Ч-что?.. Брюнет в тот же миг проснулся окончательно и бесповоротно. Это утренний кошмар или любовник действительно хочет поиграть с ним таким вот, довольно необычным способом? Нет и ещё раз нет. Сальери медленно помотал головой, обезумевшим взором глядя на лежащие совсем рядом с ним ушки и пушистый хвостик. Это все должно быть на нем? Вернее, одна деталь уж точно не на нем, а в нем.
Итальянец залился алой краской по самую шею. Бесстыдство, распущенность. Ему не присуща такая раскрепощённость, которую требовал от него Амадей. Весь день без одежды. Только с этим... Нельзя было играть с ним в карты на желание! Он умоляюще захныкал, подымая взгляд на Моцарта, состроив самую милую мордочку:
— Пожалуйста, не надо. Я не хочу, я не могу вот так, — Сальери опять стыдливо отвёл глаза. — Я не надену это все, нет… не позволю... Воинственности в нем ровно столько же, сколько и смущения. Не будет же Моцарт заставлять его, в самом-то деле!
Амадей лишь улыбнулся. Сальери ещё не был пьян, когда они играли, так что отменить желание не в его силах. К тому же, он человек слова. И это сыграет ему на руку.

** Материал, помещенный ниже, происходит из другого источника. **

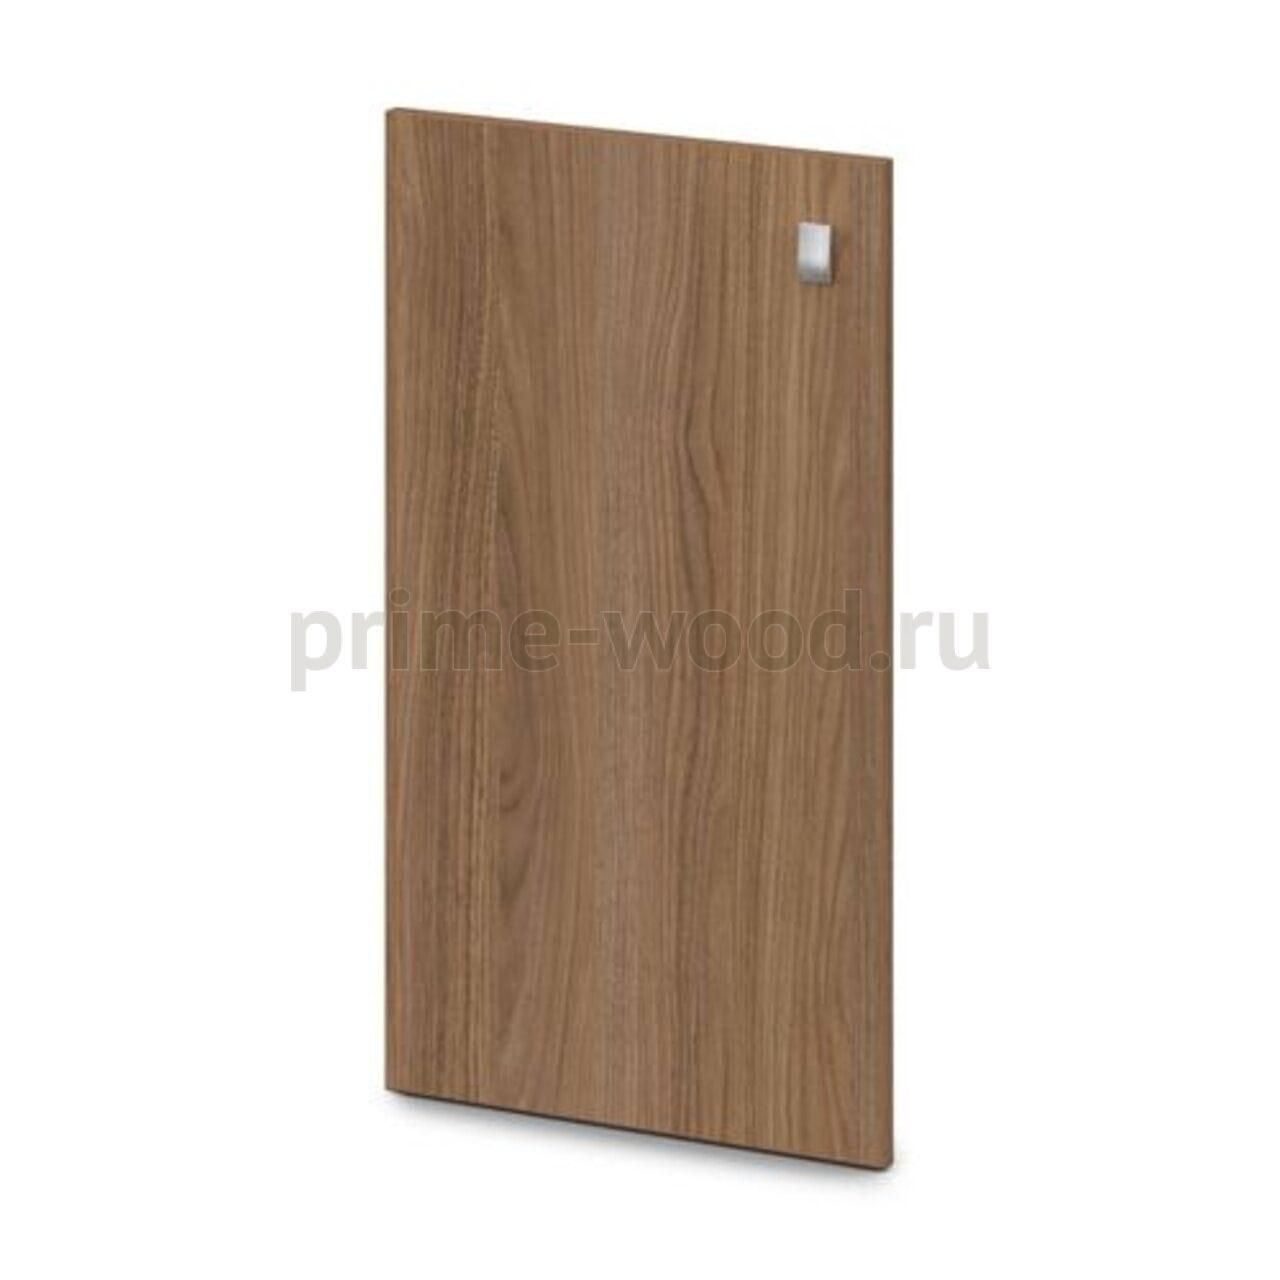 Дверь ЛДСП (левая) Vasanta 41x2x71 - фото 3

— Ты проиграл, мой хороший. А значит, сегодня ходишь без одежды, но с хвостиком. Желание нельзя отменить, нельзя поменять. Хочу, — Амадей ласково погладил любимого по щеке, очерчивая скулу. — Ты хоть на секунду можешь себе представить, насколько хорош без одежды? А эти маленькие аксессуары сделают тебя, мой ангел, ещё более прекрасным. Причин не выполнить мою просьбу нет. А твоя стеснительность... Что ж, придётся её отбросить. Увы. Я даже готов дать тебе стимул: если ты выполнишь моё желание, в следующий выходной мы исполняем твоё. Я помню, как ты отреагировал на зажимы и вибратор, так что...
Сам черт дёрнул Антонио согласиться на эту партию. Нельзя было идти на поводу у собственной самоуверенности и садиться играть с Моцартом. Жаль только, что он подумал об этом слишком поздно. Не везёт в картах, повезёт в любви, так, кажется? Сальери негромко хмыкнул. С любовью тоже как-то не шибко везёт. Точнее, с желанием этой самой любви всей его жизни. И где Моцарт только нашёл все эти вещицы? А, должно быть, в той самой коробке. Мисси удружила, так удружила, спасибо ей.
Итальянец молитвенно сложил руки на груди и запричитал с новой силой: — Я знаю, что проиграл, и признаю своё поражение, но… но не мог бы ты выбрать себе какое-нибудь другое желание? Это слишком… Я не готов, я… Я сгораю от стыда только от осознания того, что ты предлагаешь, и как это будет на мне выглядеть! И если уж я твой ангел, то может, логичнее было бы надеть крылья и прицепить нимб? — а хвостика у ангелов нет и быть не может. — Ах, Тонио. Мой нежный, мой стеснительный, мой прекрасный. Разве ты ещё не понял? Моё желание — вовсе не просьба, а прямое указание. А что касается нимба и крыльев... Я учту твое пожелание, и однажды, хотя ты также будешь обнажен, на тебе будут крылья. Довольно интересная идея, кстати. Но сейчас... нет, разумеется, ты можешь отказаться исполнять моё желание, которое обещал в трезвом состоянии и с ясным рассудком, но я буду очень разочарован. И расстроюсь, да так сильно, что мы ещё очень долго не будем играть вообще ни во что.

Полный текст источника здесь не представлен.